Edit: Here is an example Kubernetes configuration running DeepSeek-R1 on vLLM multi-host using LeaderWorkerSet https://github.com/kubernetes-sigs/wg-serving/blob/main/serv.... This work would be integrated into llm-d.

rdli•6mo ago
This is really interesting. For SOTA inference systems, I've seen two general approaches:

* The "stack-centric" approach such as vLLM production stack, AIBrix, etc. These set up an entire inference stack for you including KV cache, routing, etc.

* The "pipeline-centric" approach such as NVidia Dynamo, Ray, BentoML. These give you more of an SDK so you can define inference pipelines that you can then deploy on your specific hardware.
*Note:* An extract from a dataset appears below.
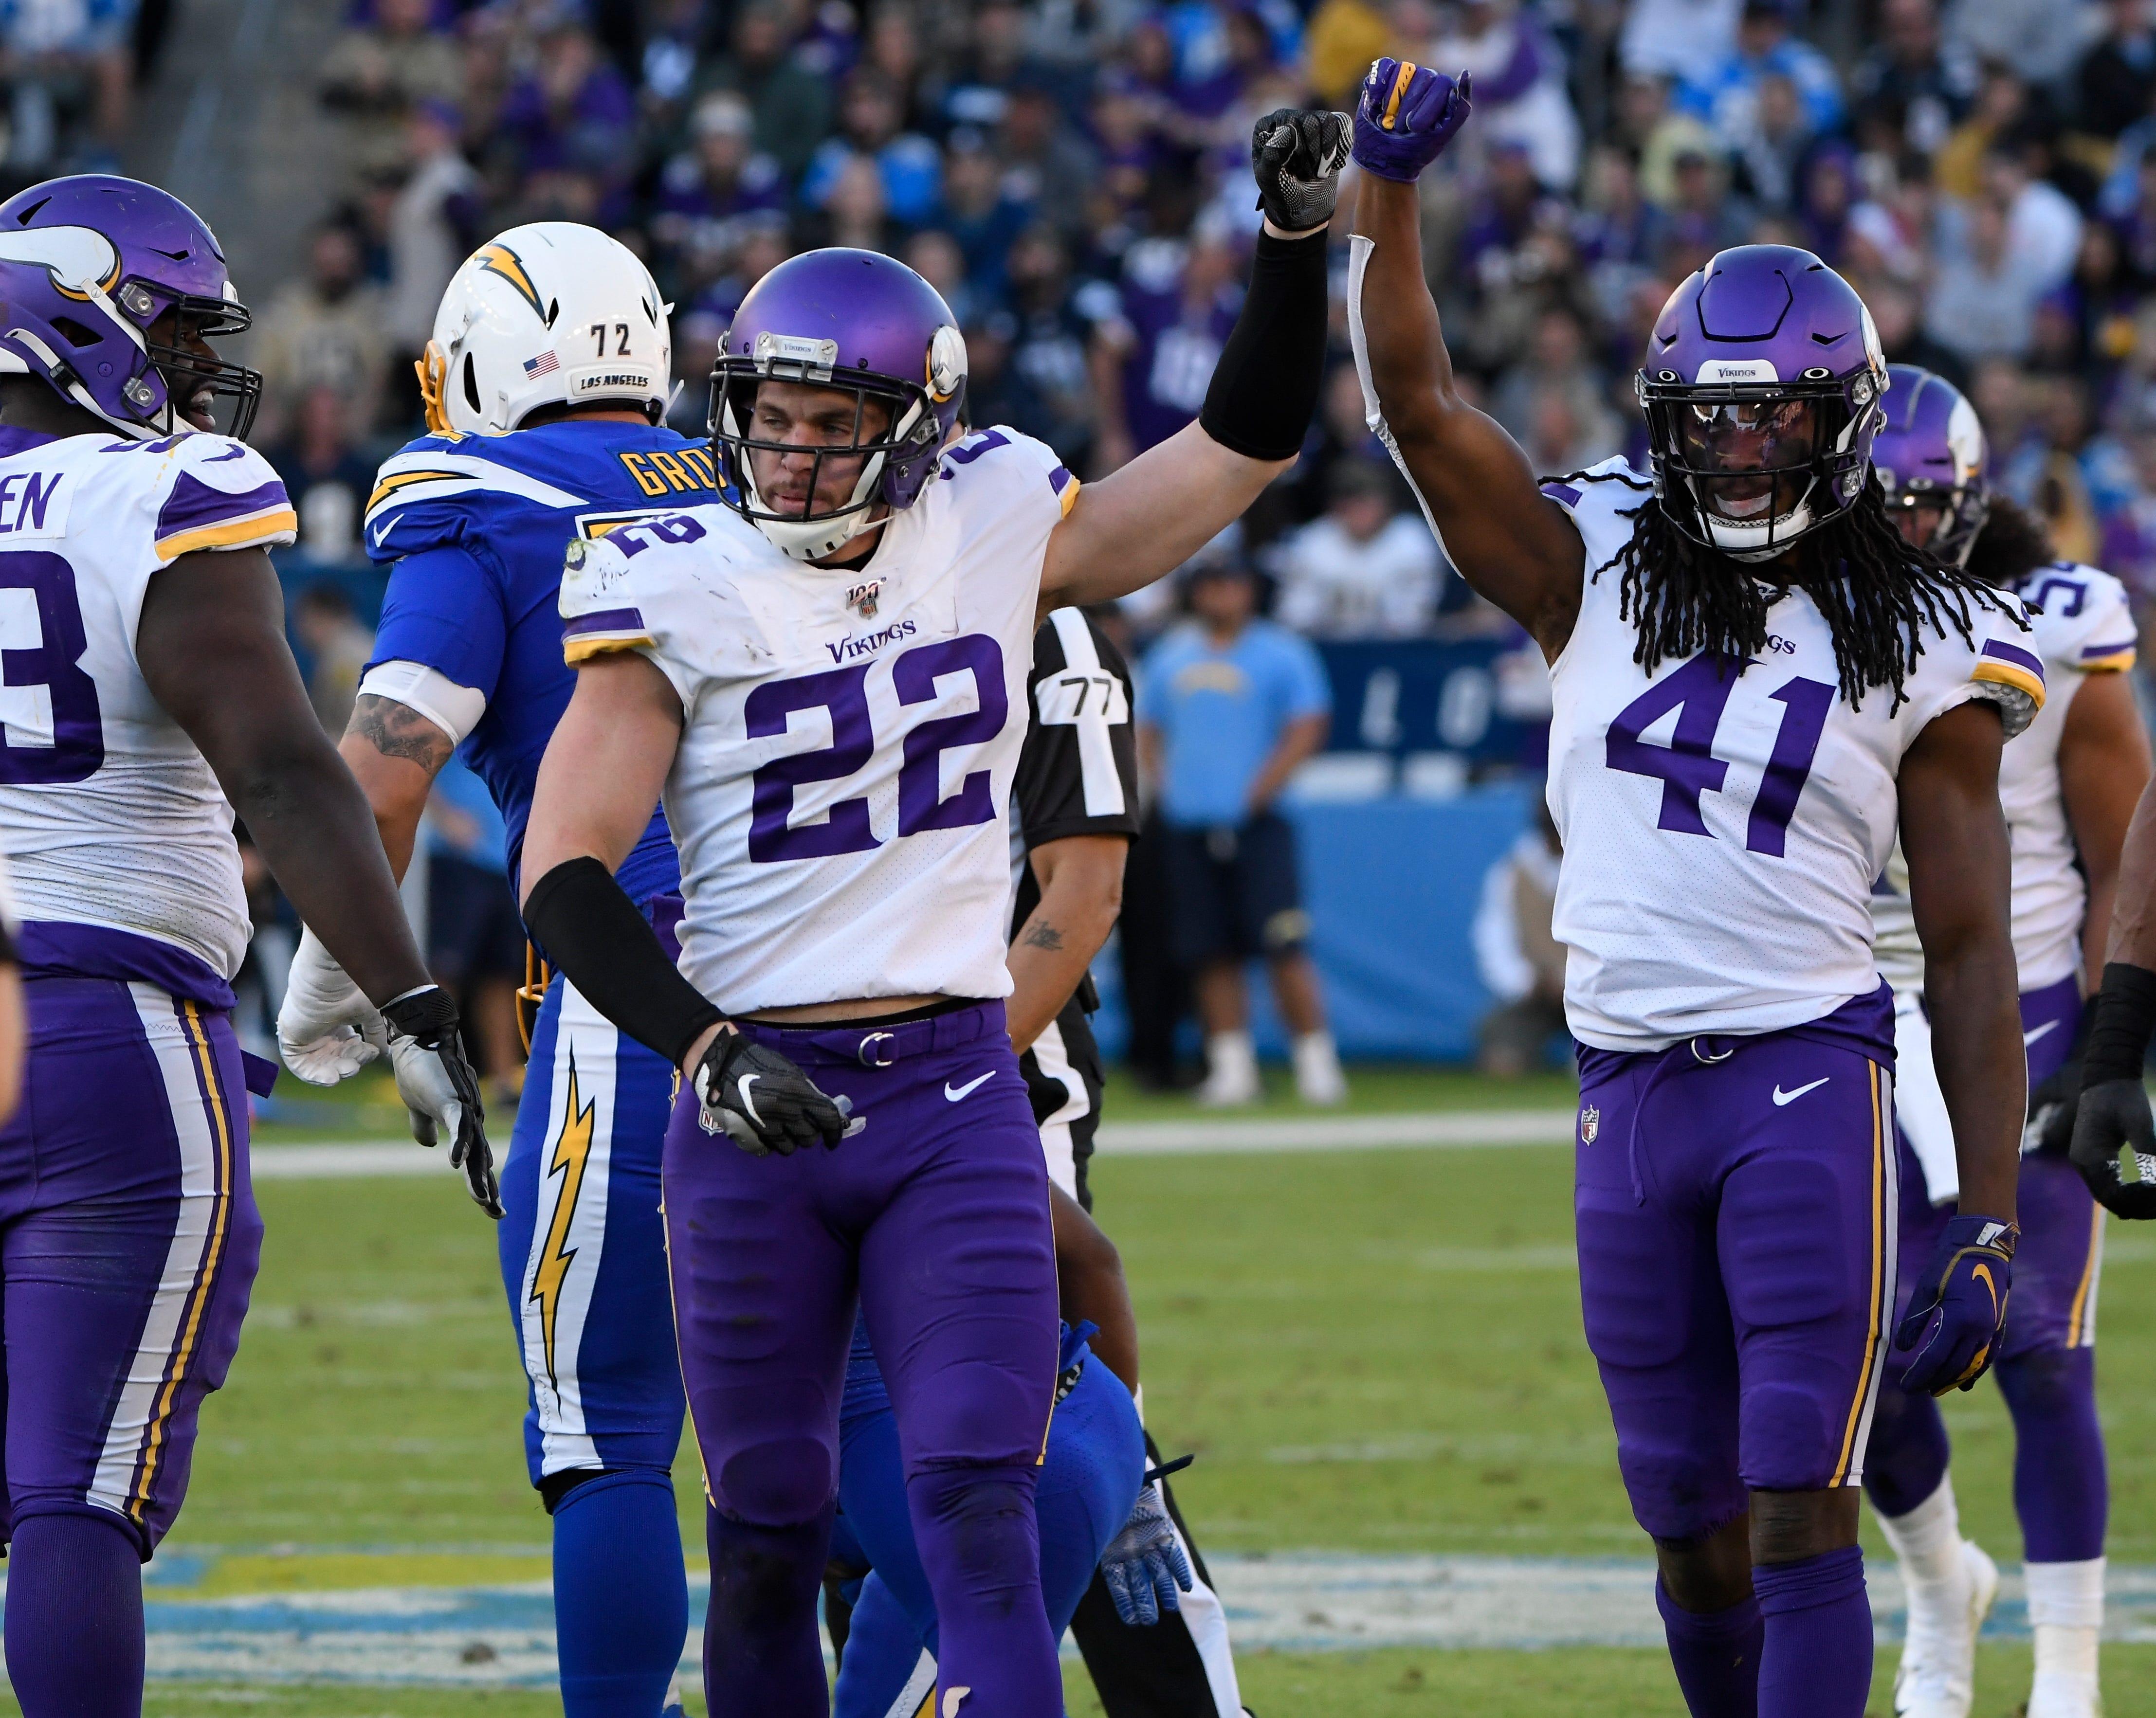 NFL trade deadline: What moves should all 32 teams make?

It seems like LLM-d is the former. Is that right? What prompted you to go down that direction, instead of the direction of Dynamo?

qntty•6mo ago
It sounds like you might be confusing different parts of the stack. NVIDIA Dynamo for example supports vLLM as the inference engine. I think you should think of something like vLLM as more akin to GUnicorn, and llm-d as an application load balancer. And I guess something like NVIDIA Dynamo would be like Django.
smarterclayton•6mo ago
llm-d is intended to be three clean layers:

1. Balance / schedule incoming requests to the right backend

2. Model server replicas that can run on multiple hardware topologies

3. Prefix caching hierarchy with well-tested variants for different use cases

So it's a 3-tier architecture. The biggest difference with Dynamo is that llm-d is using the inference gateway extension - https://github.com/kubernetes-sigs/gateway-api-inference-ext... - which brings Kubernetes owned APIs for managing model routing, request priority and flow control, LoRA support etc.

rdli•6mo ago
I would think that that the NVidia Dynamo SDK (pipelines) is a big difference as well (https://github.com/ai-dynamo/dynamo/tree/main/deploy/sdk/doc...), or am I missing something?
smarterclayton•6mo ago
That's a good example - I can at least answer about why it's a difference: different target user.

As I understand the Dynamo SDK it is about simplifying and helping someone get started with Dynamo on Kubernetes.

From the user set we work with (large inference deployers) that is not a high priority - they already have mature deployment opinions or a set of tools that would not compose well with something like the Dynamo SDK. Their comfort level with Kubernetes is moderate to high - either they use Kubernetes for high scale training and batch, or they are deploying to many different providers in order to get enough capacity and need a standard orchestration solution.

llm-d focuses on helping achieve efficiency dynamically at runtime based on changing traffic or workload on Kubernetes - some of the things the Dynamo SDK encodes are static and upfront and would conflict with that objective. Also, large deployers with serving typically have significant batch and training and they are looking to maximize capacity use without impacting their prod serving. That requires the orchestrator to know about both workloads at some level - which Dynamo SDK would make more difficult.

rdli•6mo ago
In this analogy, Dynamo is most definitely not like Django. It includes inference aware routing, KV caching, etc. -- all the stuff you would need to run a modern SOTA inference stack.
qntty•6mo ago
You're right, I was confusing TensorRT with Dynamo. It looks like the relationship between Dynamo and vLLM is actually the opposite of what I was thinking -- Dynamo can use vLLM as a backend rather than vice versa.
Kemschumam•6mo ago
What would be the benefit of this project over hosting VLLM in Ray?